#### What is required
Reproduce exactly only the lines from the line that holds "舒适为先 全新一代英菲尼迪QX60试驾体验" to the line that holds "Harry Potter Hogwarts", inclusive, in the listing below, and please leave out every picture.

#### Source data

"""

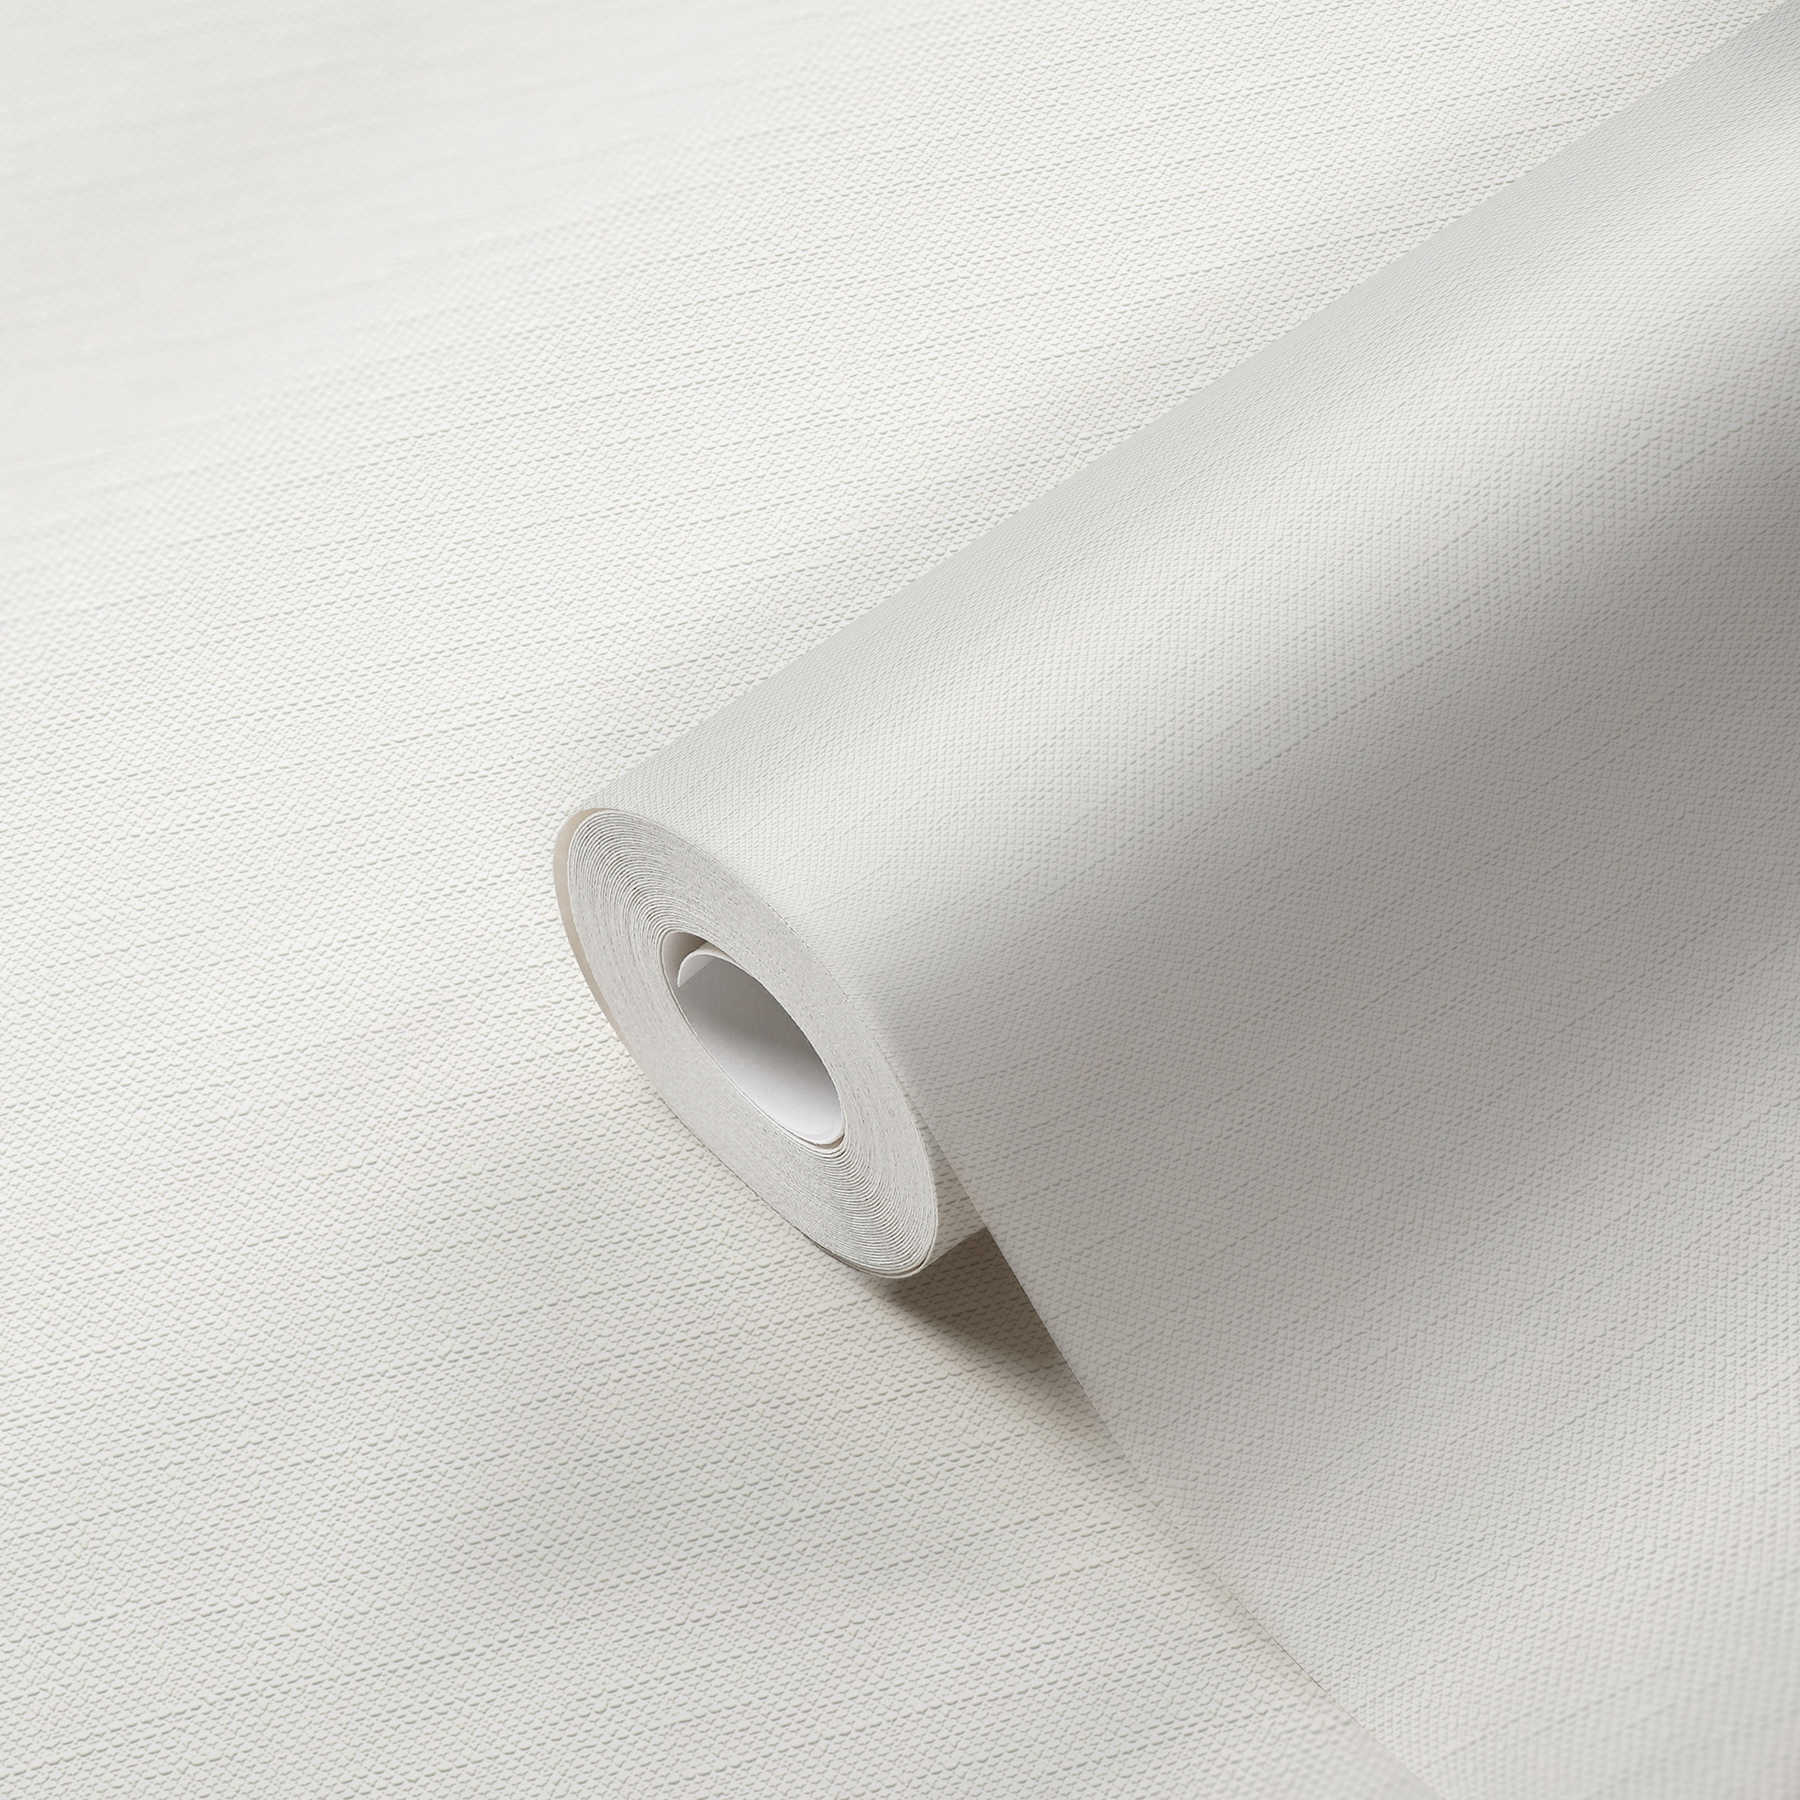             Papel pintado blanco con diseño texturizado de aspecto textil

"""
"""

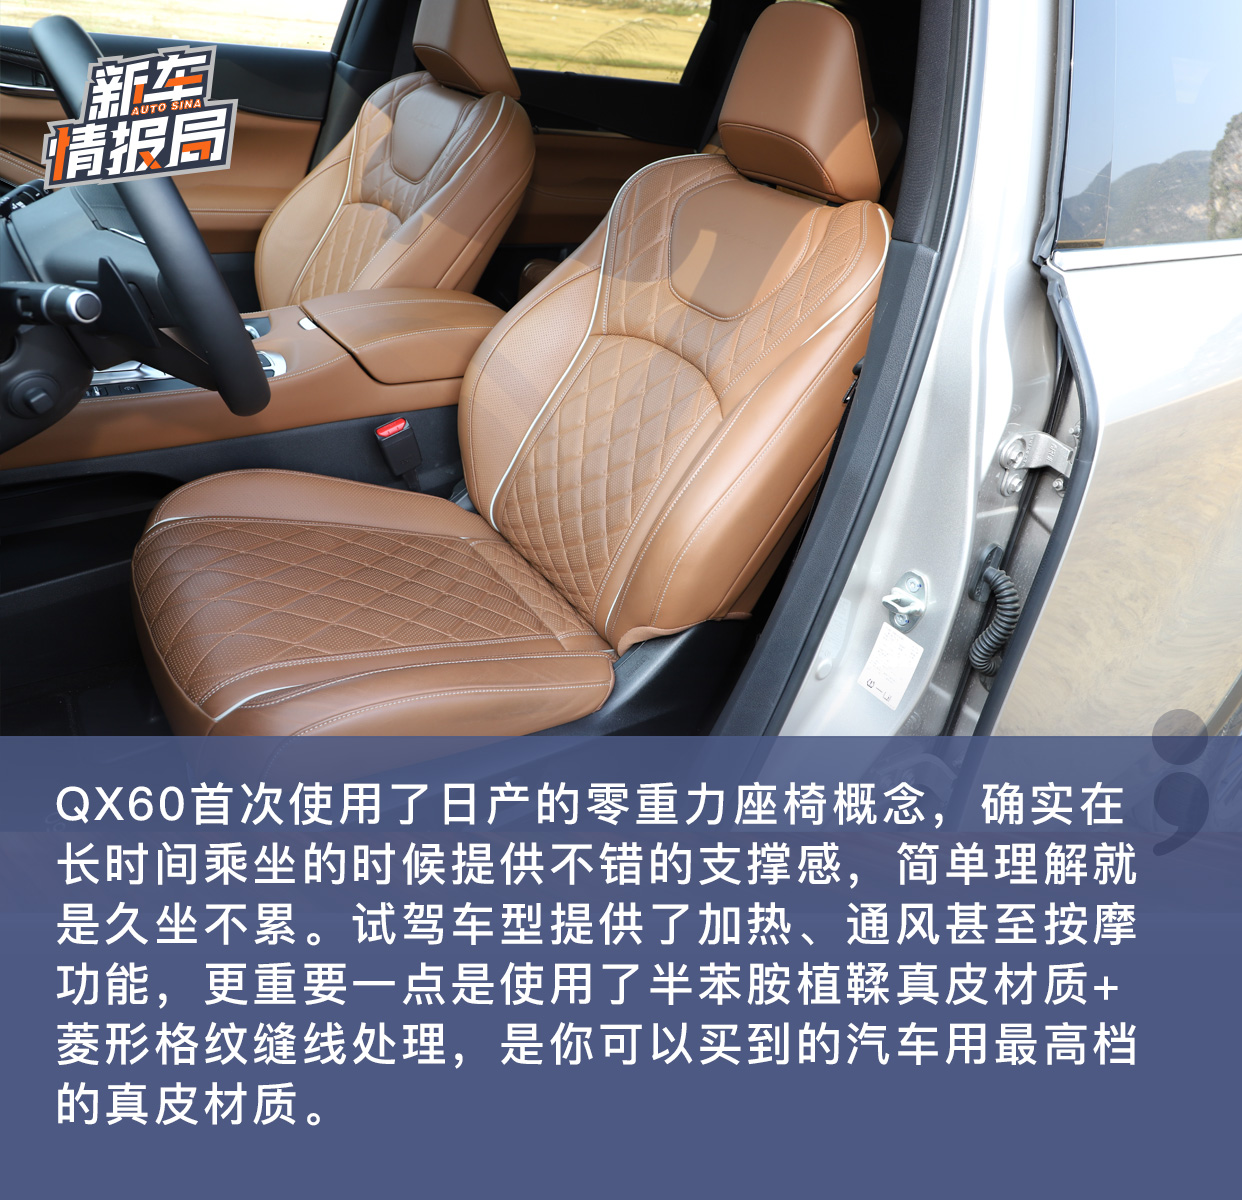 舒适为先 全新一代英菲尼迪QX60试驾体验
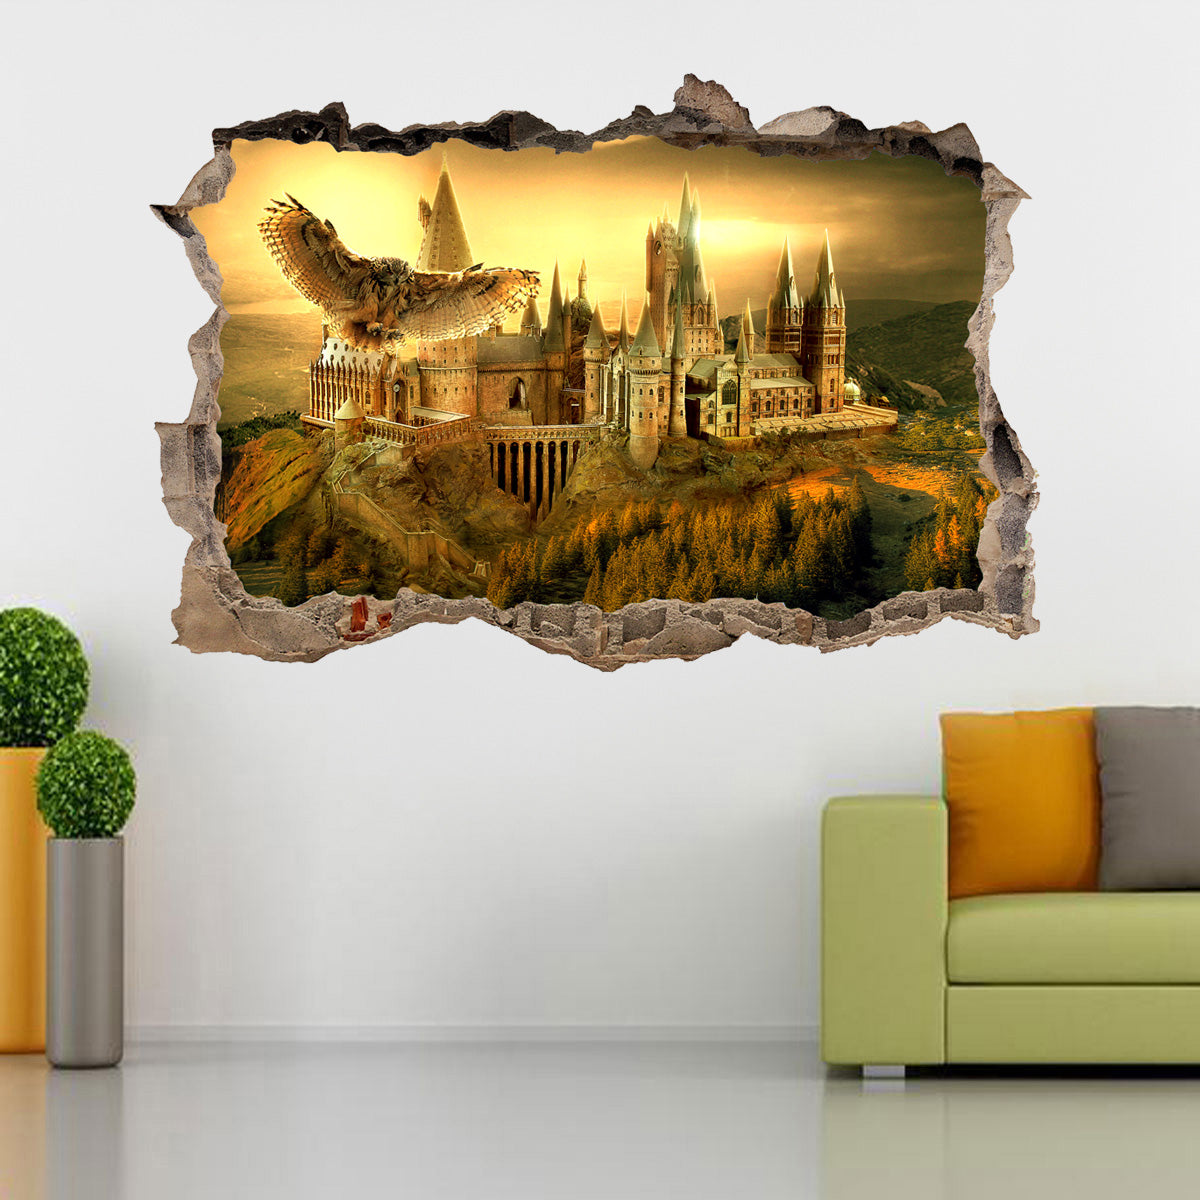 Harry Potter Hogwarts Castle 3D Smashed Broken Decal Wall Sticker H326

"""
"""

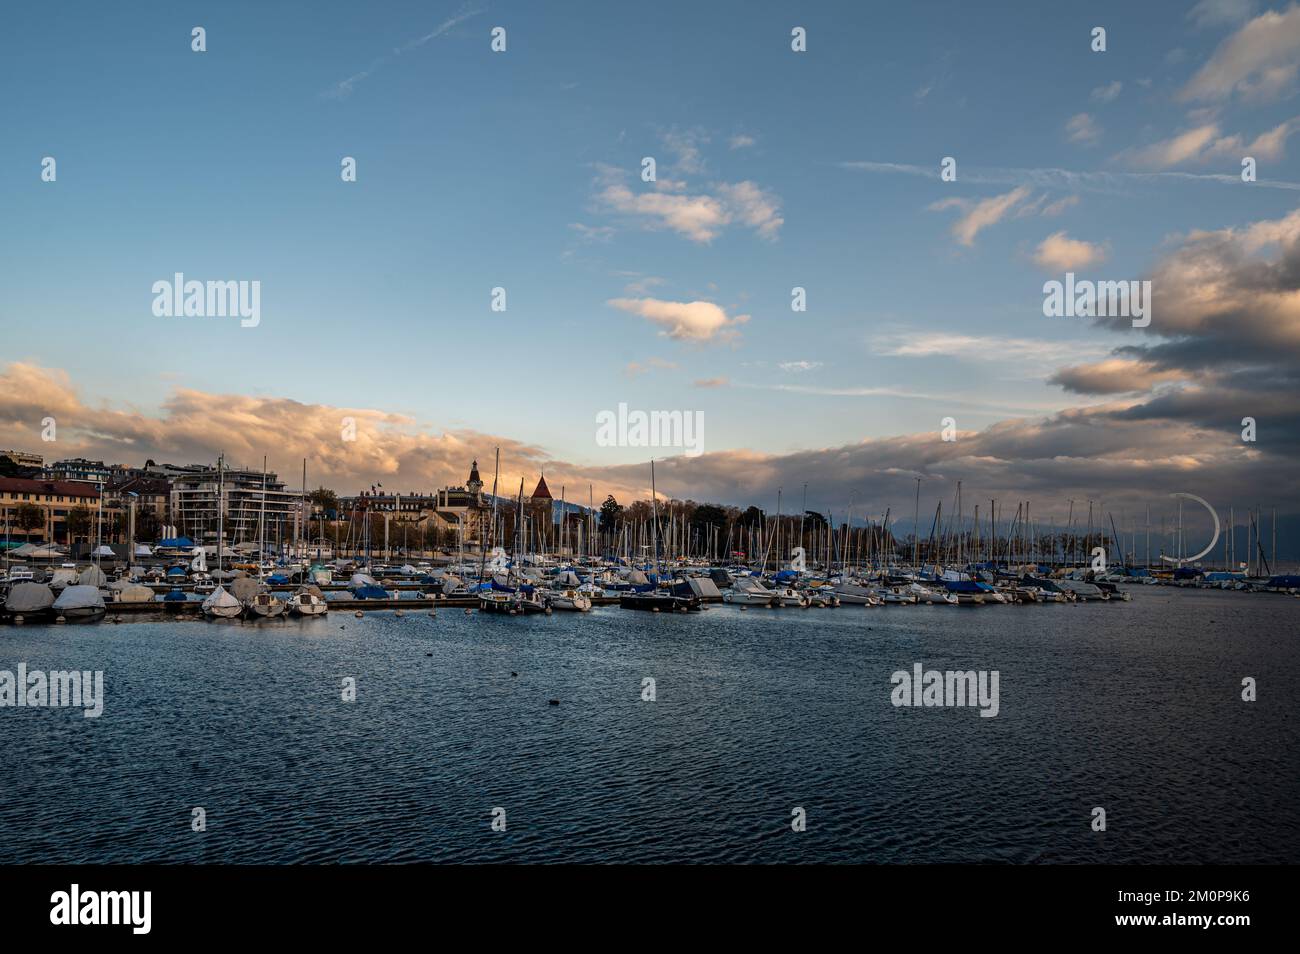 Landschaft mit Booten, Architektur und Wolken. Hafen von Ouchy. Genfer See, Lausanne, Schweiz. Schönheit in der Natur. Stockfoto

"""

#### Solution for this task
 舒适为先 全新一代英菲尼迪QX60试驾体验
 Harry Potter Hogwarts Castle 3D Smashed Broken Decal Wall Sticker H326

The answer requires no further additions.